IMHO the most important goal is to keep everyone productive. For that we'll
mostly need git hosting, file-sharing and a collaboration suite.

On top of that I had the idea to buffer up content-pushs (videos, photos,
blog-posts) on the local server to be pushed to the web whenever internet
becomes available. Like I said, let's see how it goes :)

Of course anyone who's interested in this kind of stuff is more than welcome
to help out.

------
mceoin
As a non-tech/non-sysadmin jumping on board for the ride all I can say is: I'm
glad someone's thinking about this!

------
bmelton
Inmarsat satellite access will get you internet from pretty much anywhere on
the planet with upward line of sight, but it's pretty slow and very expensive.

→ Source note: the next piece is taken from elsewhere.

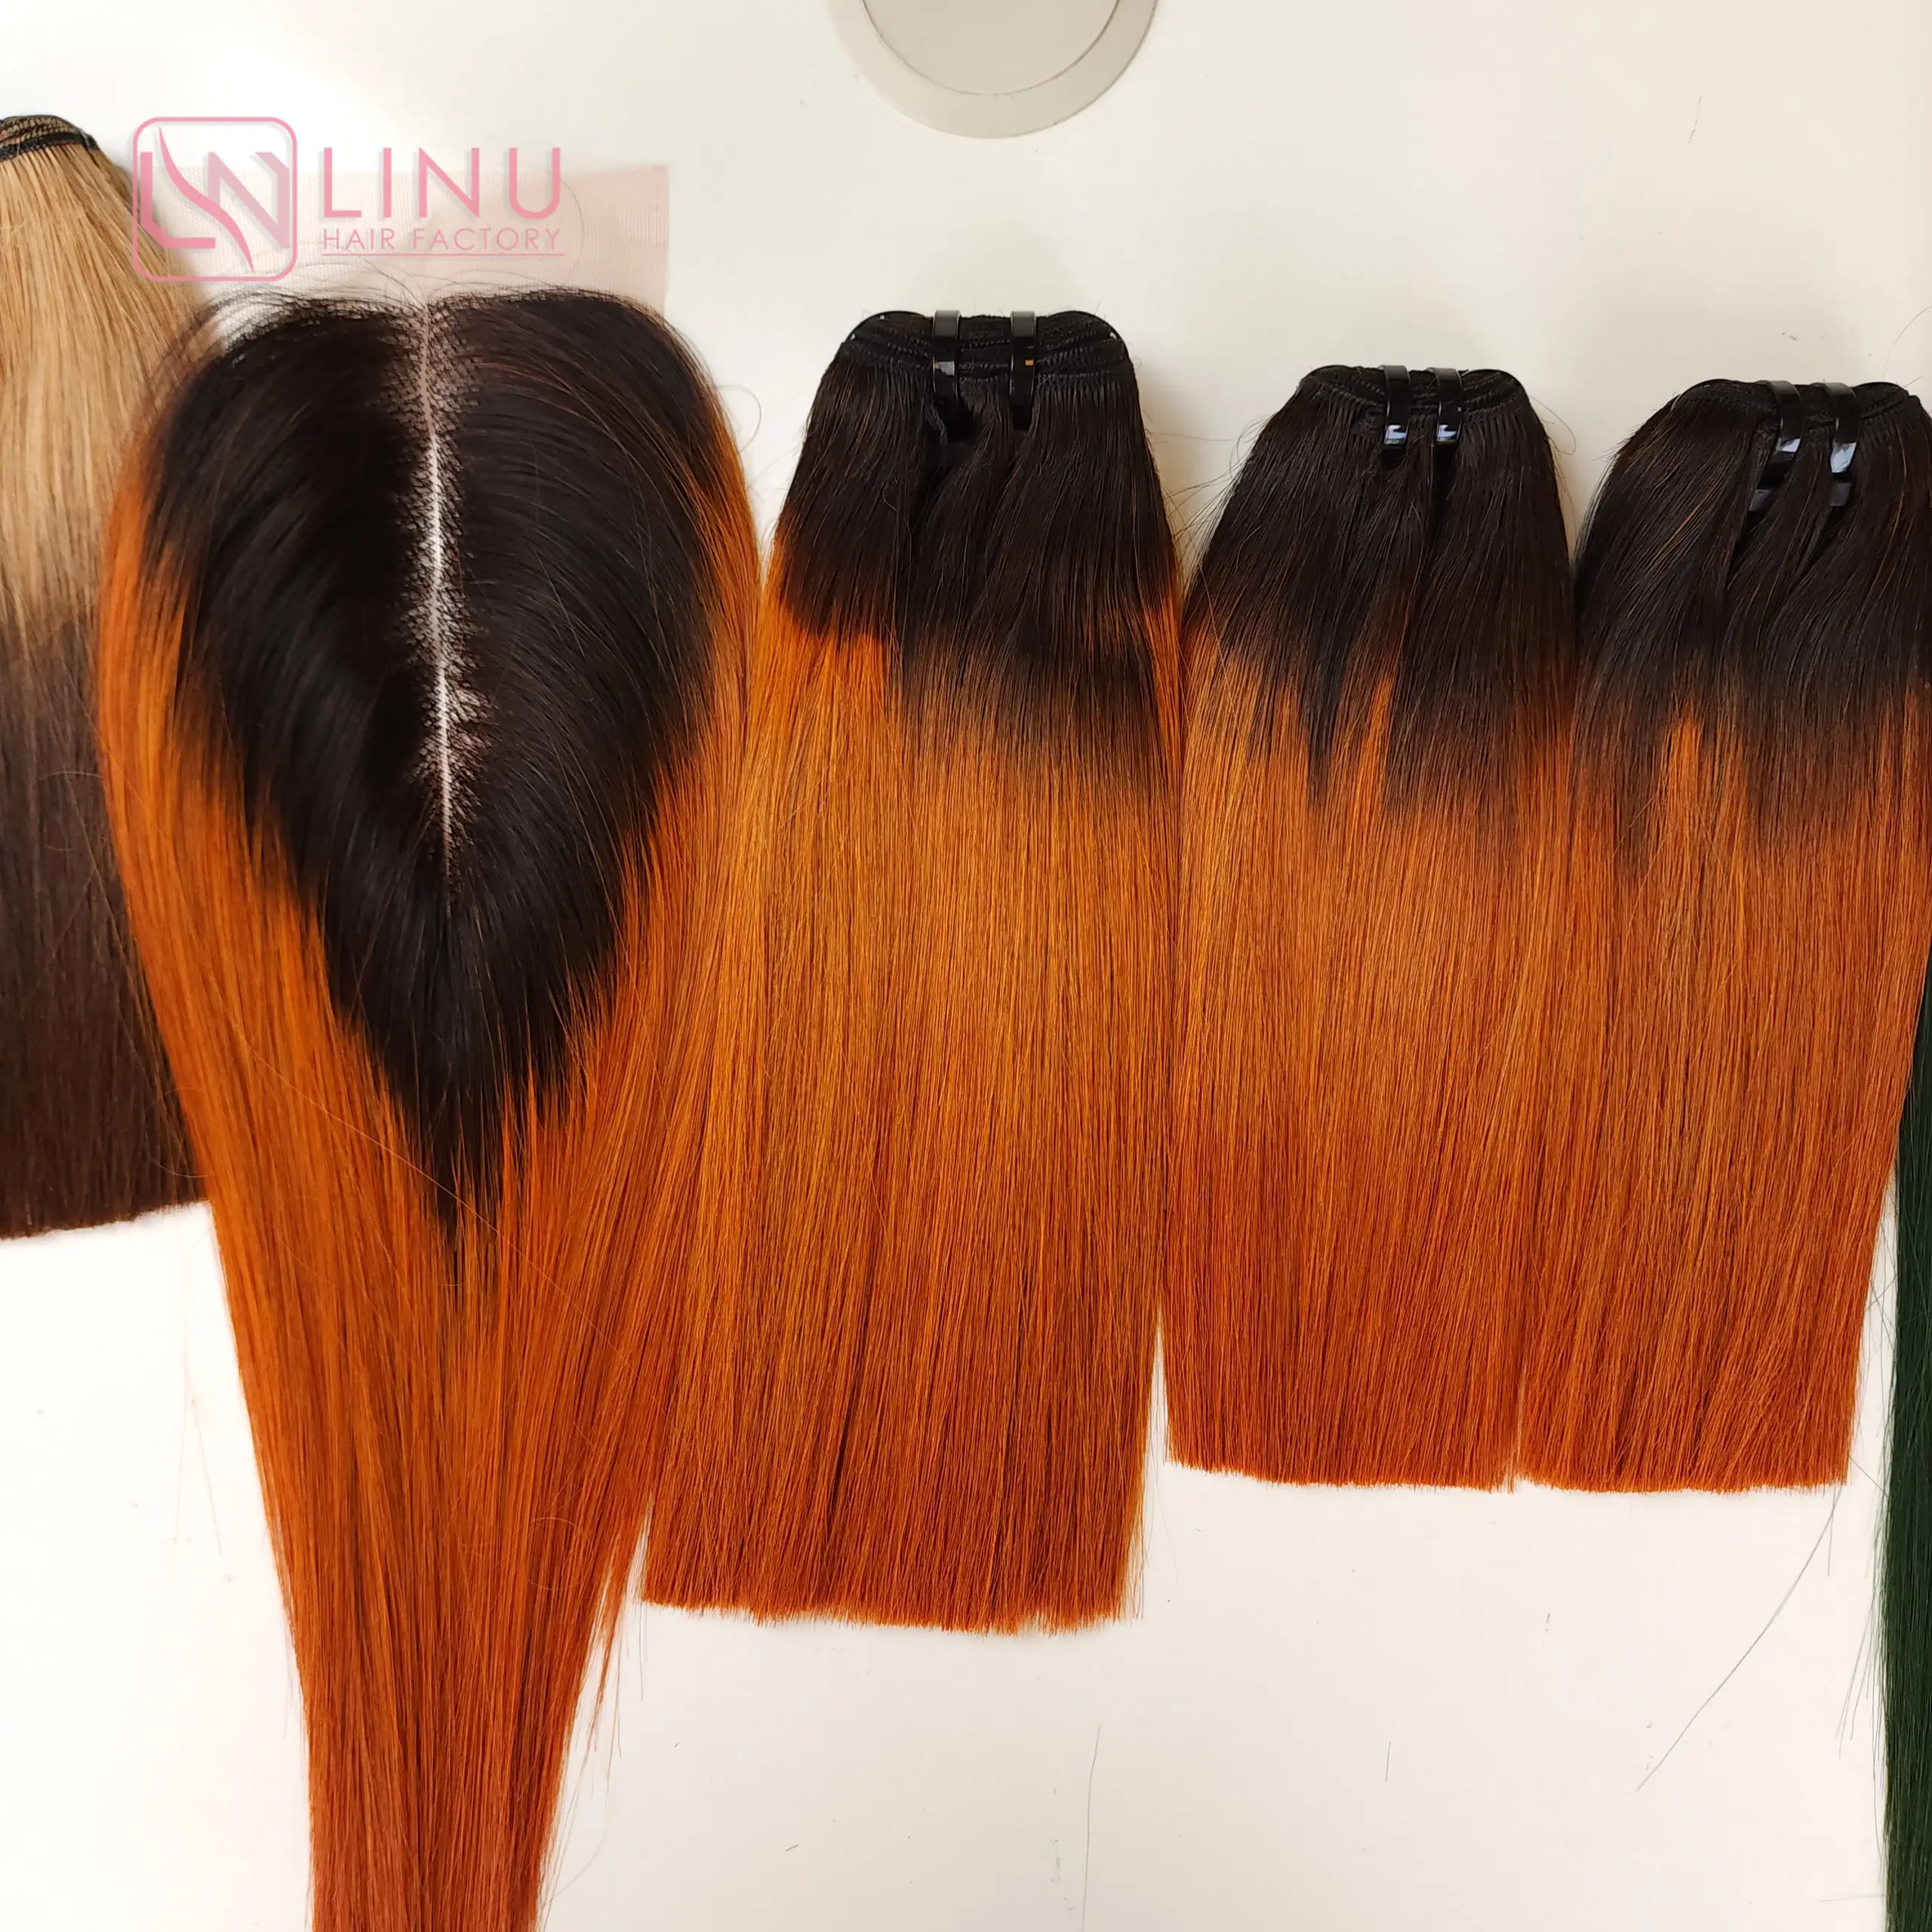 El cabello crudo vietnamita más popular, cabello degradado sin pegamento, mezcla de naranja quemado, mechones de cabello de Color negro teñidos, tan suave y suave

You should have caching components for all portions of your network stack, to
minimize the cost of it (unless that really isn't an issue) -- cache DNS
lookups, web requests, everything.

Local wi-fi is probably enough for 30ish people, though you can probably spare
the room for switches + cables, you probably don't have to.

Setting up some local version control would probably be beneficial to, though
picking which one is possibly political.

Aside from that, the only other high-bandwidth thing that I can think of to
mirror locally (that you haven't already mentioned) would be an apt
repository, but that's probably overboard. Of course, I don't know the
audience.